Pathophysiological choroidal changes in PD are believed to be associated with dopamine levels, which could affect blood perfusion. [(37, 38)] Also, PD patients have increased cerebral small vessels, and decreased retinal dimensions have been observed in these conditions. [(39)] Moreover, α-syn-GFP deposition around retinal arterial vessels could be related to changes in the capillary plexus. [(34, 40)]

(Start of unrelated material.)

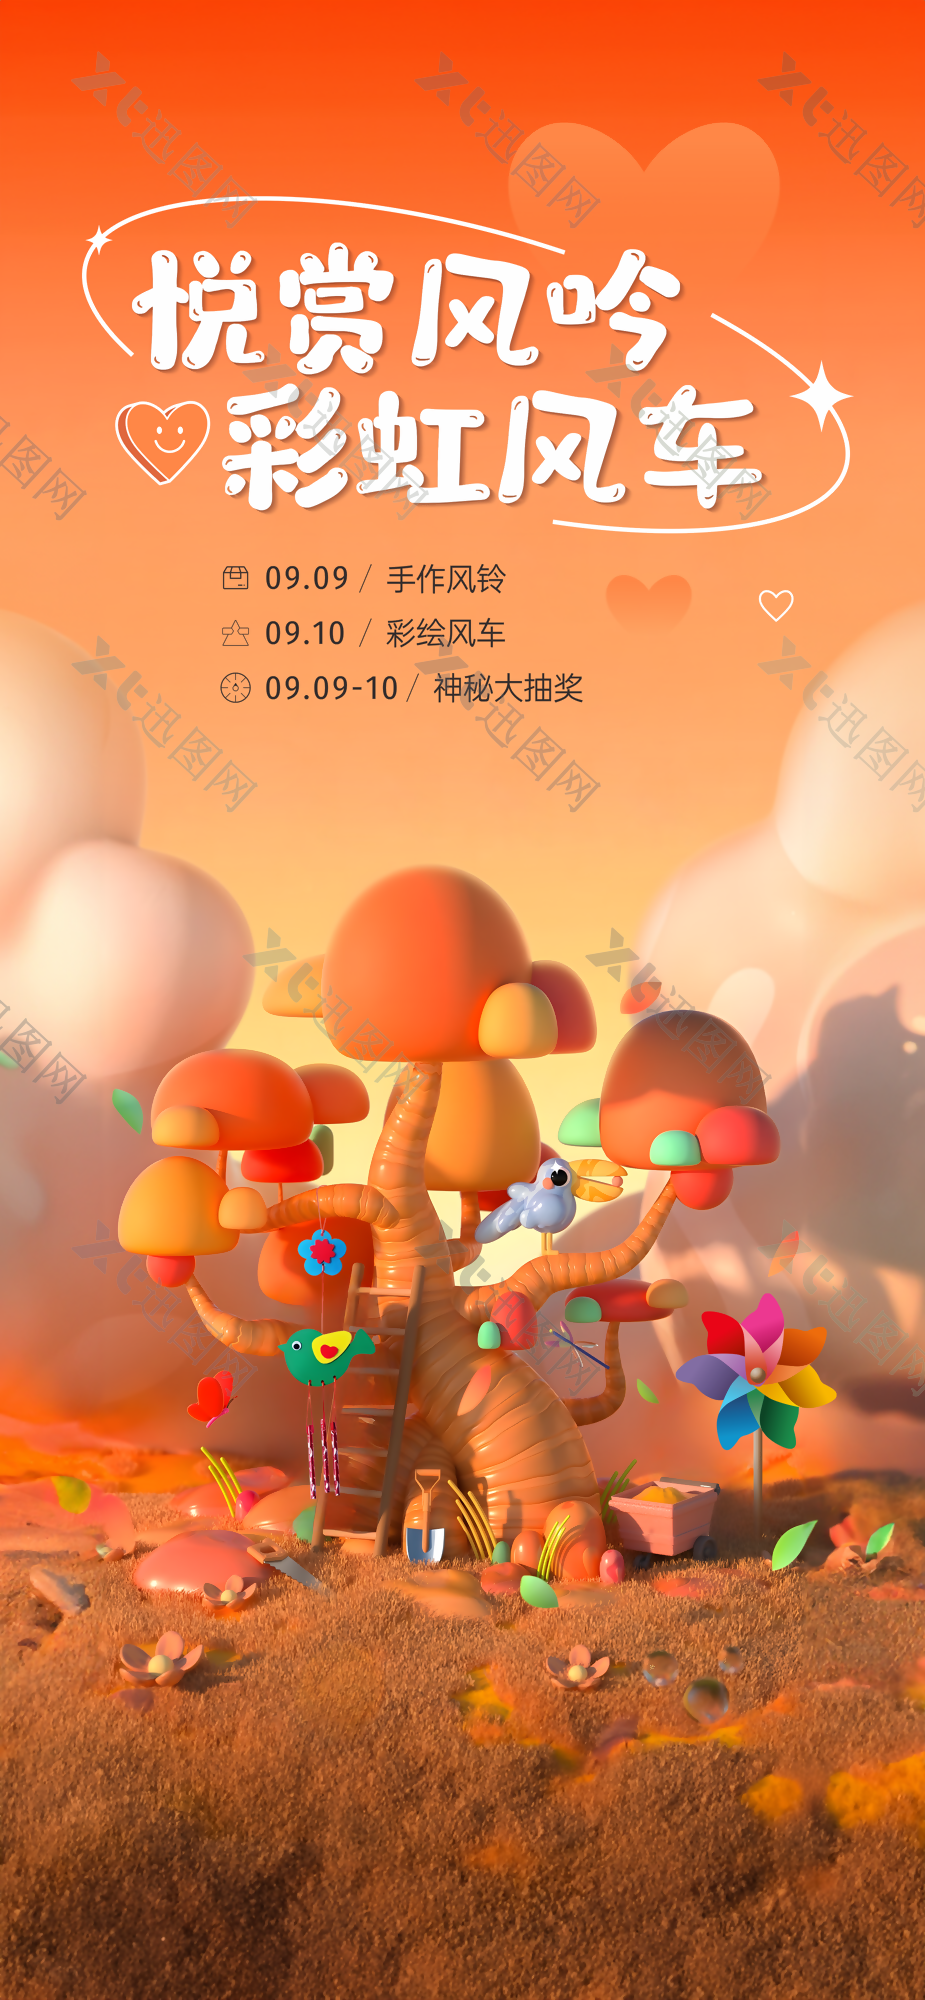 橙色系悦赏风吟彩虹风车DIY活动海报

OCT devices detect interferometry between reference and measurement beams and, based on this information, calculate the distance travelled. In optics, distance is not only a geometrical measurement but an optical distance that depends on index refraction and geometrical distance. If the media through which light propagates change, events occur that change the optical distance. Various studies put forward different hypotheses regarding changes in vascular tissue, blood perfusion, vessel walls, etc. in PD patients. A significant change in refractive index is necessary to produce a detectable change in light propagation; however, it cannot be ruled out that these variations exist and that they produce variations in the optical distance calculated by OCT in the interferometry analysis. An example would be a swollen cornea and how it alters results obtained using optical diagnosis techniques. Also, commercial OCT devices do not usually consider changes in the direction of propagation in the path of the examination beam due to changes in the medium within the eye. This fact could also produce differences in the optical distances calculated, and therefore, in the thickness measurements.
For this reason, we propose not focusing on an isolated measurement of uncertain origin, such as the thickness of the choroidal structure. It is evident that the extent of the discrepancies and variability in the results is due to reasons as yet unknown. The area parameter, the optical density image, and other parameters previously mentioned and obtained automatically from an OCT image are more reliable because they allow elimination of many of the factors listed above. It is becoming clear that changes occur in the choroidal vascular structure in PD subjects and more studies are necessary. AI procedures can help to find these differences and define a pattern, but it is necessary to have a large number of standardized, high-quality images that can be processed. Other imaging techniques, such as MRI, have public databases containing thousands of images and the corresponding diagnoses with which to develop this type of diagnostic support algorithm based on deep learning.
The non-commercial superpixel segmentation algorithm used in this study allows detection of choroidal alterations in Neurodegenerative Disease by processing OCT images. This method may be used in early diagnosis of MS or PD and has the potential to be a non-invasive, easily tolerated, low-cost and effective tool for early diagnosis and even for differential diagnosis of Neurodegenerative Disease. In addition, it is an algorithm that can process images obtained with any OCT device, making it easy to integrate into clinical practice.